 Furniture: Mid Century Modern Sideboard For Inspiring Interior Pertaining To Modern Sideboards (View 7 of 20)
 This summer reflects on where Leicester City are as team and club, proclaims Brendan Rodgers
==
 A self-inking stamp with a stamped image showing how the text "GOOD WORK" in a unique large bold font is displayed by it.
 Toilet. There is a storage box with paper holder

Problem — Which of the lines above include the word "with"? List those lines.

Answer to this problem —
 A self-inking stamp with a stamped image showing how the text "GOOD WORK" in a unique large bold font is displayed by it.
 Toilet. There is a storage box with paper holder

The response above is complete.